Так просто?! Впрочем, чего им меня расспрашивать? Все равно не отвечу.
Мы пошли по дорожке, мимо зеленых лужаек и цветочных клумб. Старик вел, здоровяк сопел в спину, словно живая гора.
Наконец, мы прошли мимо колодца возле наземного павильона и остановились.
— Там мастерская и библиотека. Базилика прямо. Направо трапезная, за ней зал капитула и монашеские кельи. — Старый монах посмотрел в глубину моего капюшона и закончил: — Тот, кого ты ищешь, находится за трапезной.
Я кивнул. Теперь понятно, что за люди в монастыре должны были мне помочь.
— Пройдешь мимо кухни, потом по тропе, огородом. Там найдешь одежду для него. Затем свернешь направо и еще раз направо. Войдешь в малую часовню, минуешь главный неф, выйдешь через калитку. Перед тобой будет здание. Его охраняют двое, из городских.

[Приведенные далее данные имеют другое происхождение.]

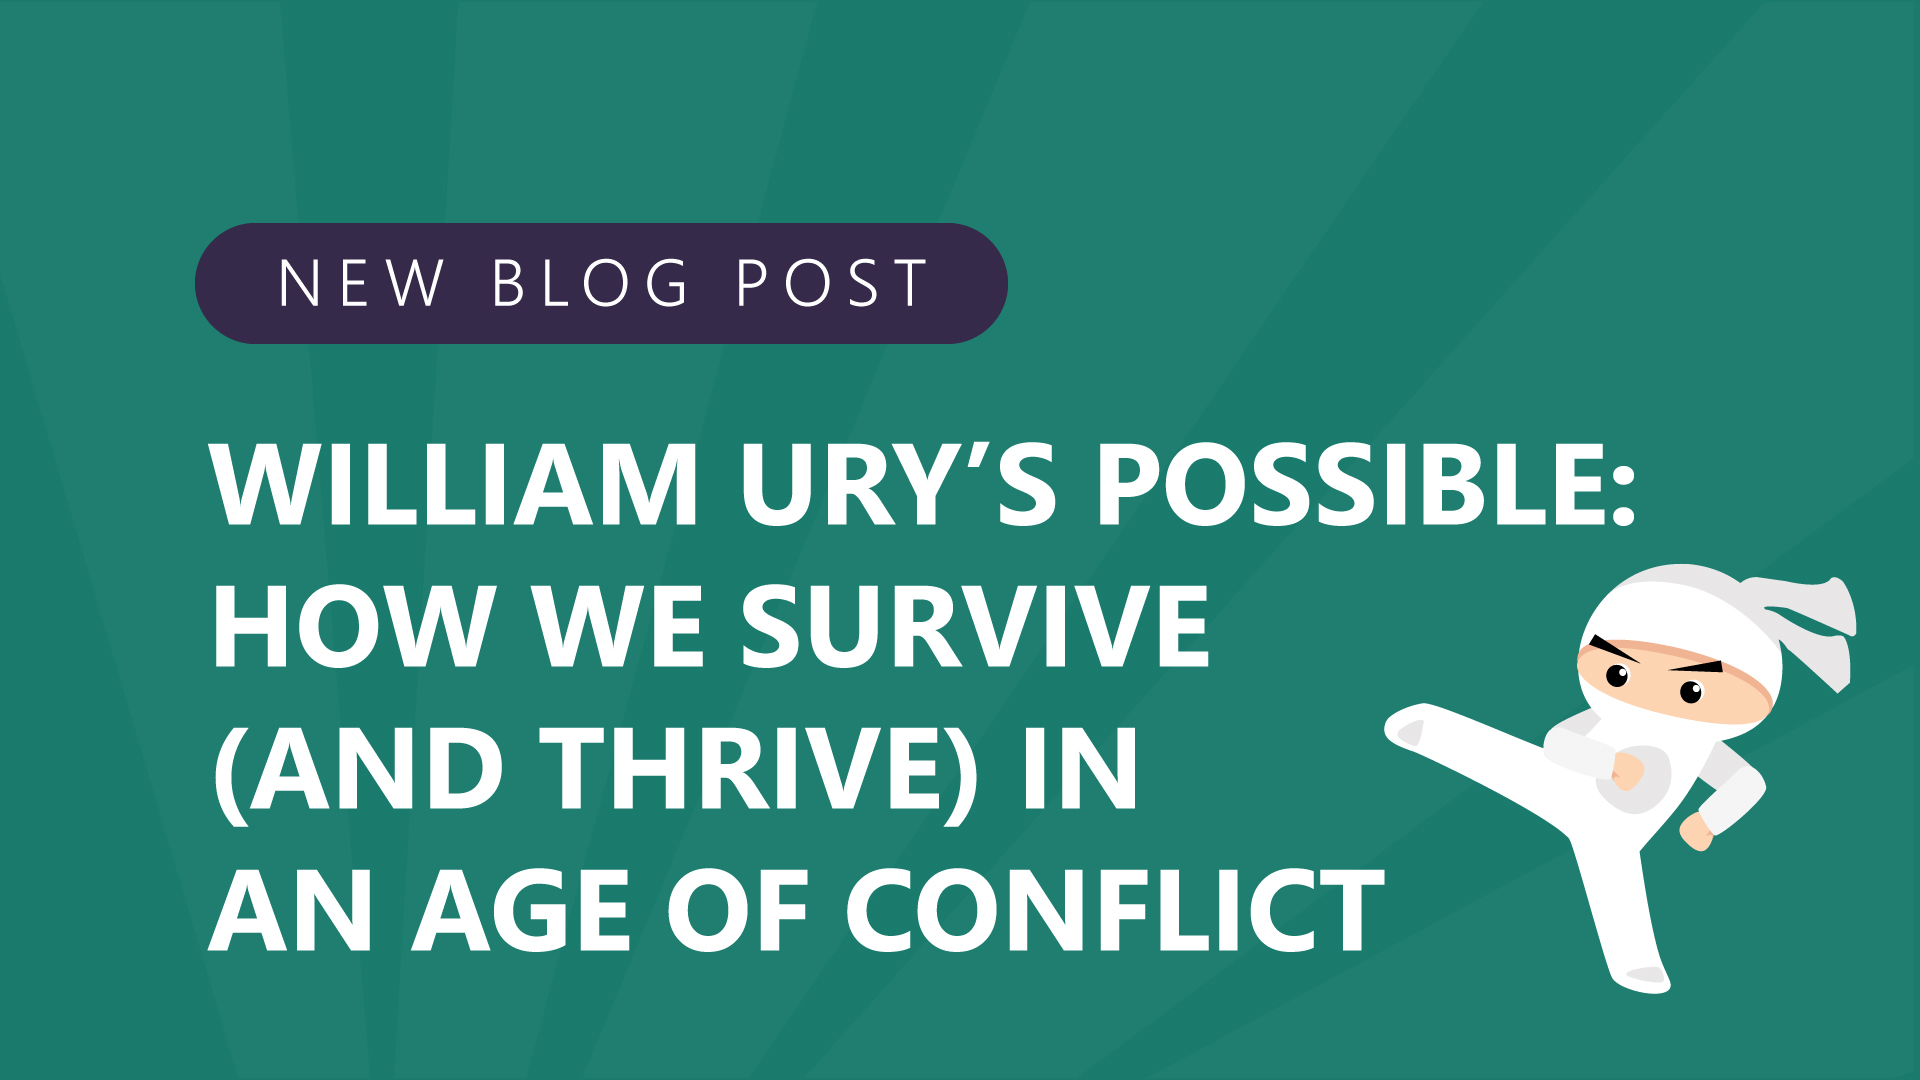 William urys possible how we survive and thrive in an age of conflict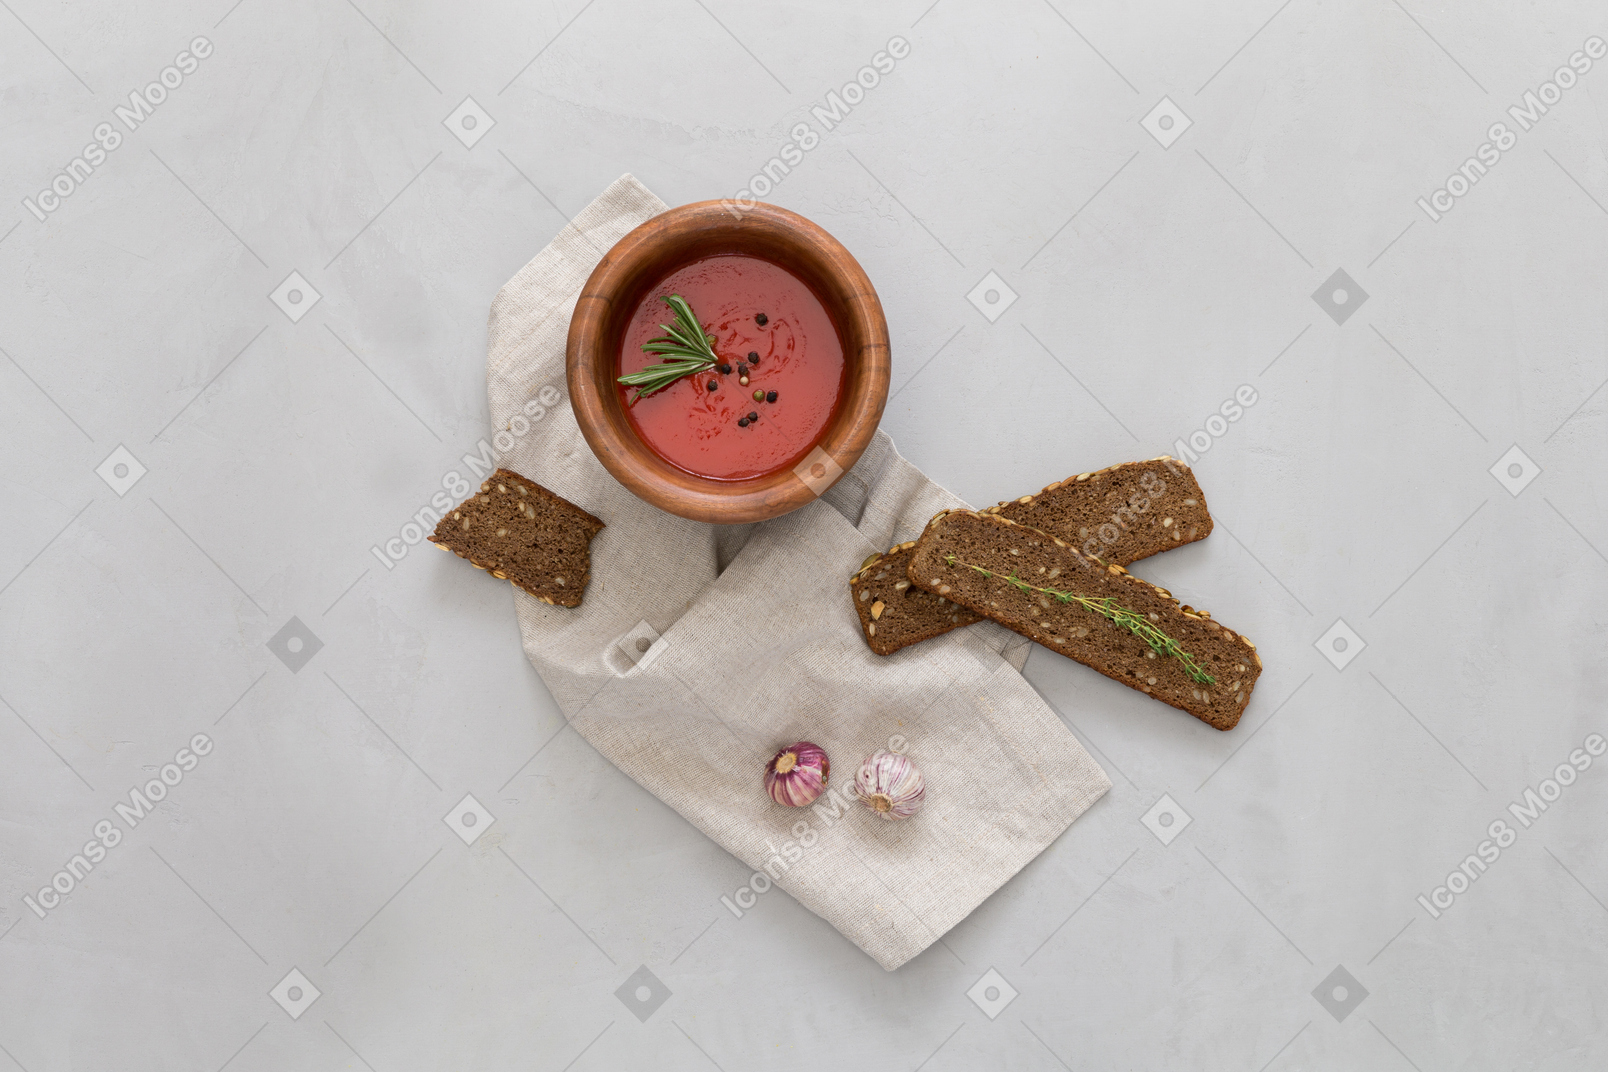 Some tomato sauce, brown bread and garlic

Твое появление их не удивит, они ждут еду, постарайся оставить их в живых.
— Хорошо, — сказал я, делая шаг вперед, но он остановил меня едва заметным движением.
— Это не все, что ты должен знать. Настоятель попросил еще кое-кого охранять пленника. Брат Парвус умер несколько лет назад, но остался в монастыре. Я слышал, что сейчас он в подвале. Мы будем ждать у ворот. Иди с Богом.
Я еще раз кивнул, передал им кошелек, который старикан проворно спрятал в широком рукаве, и быстро направился по тропе, провожаемый их взглядами. Монахи ложатся рано, а пробуждаются, когда еще не рассвело, так что сейчас монастырь спал. Меня видели лишь ночные бабочки с бледно-серыми крыльями, вьющиеся вокруг висящих вдоль стен масляных фонарей.
Возле кухни, свернувшись клубочком у поленницы, дрыхла маленькая лохматая псина. Она дергала во сне лапами и видела свой десятый собачий сон. Монастырский сад, совсем небольшой и подсвеченный лунным светом, встретил меня вязкой тишиной. Здесь росли несколько фруктовых деревьев, но основное пространство было занято грядками с капустой, репой и луком.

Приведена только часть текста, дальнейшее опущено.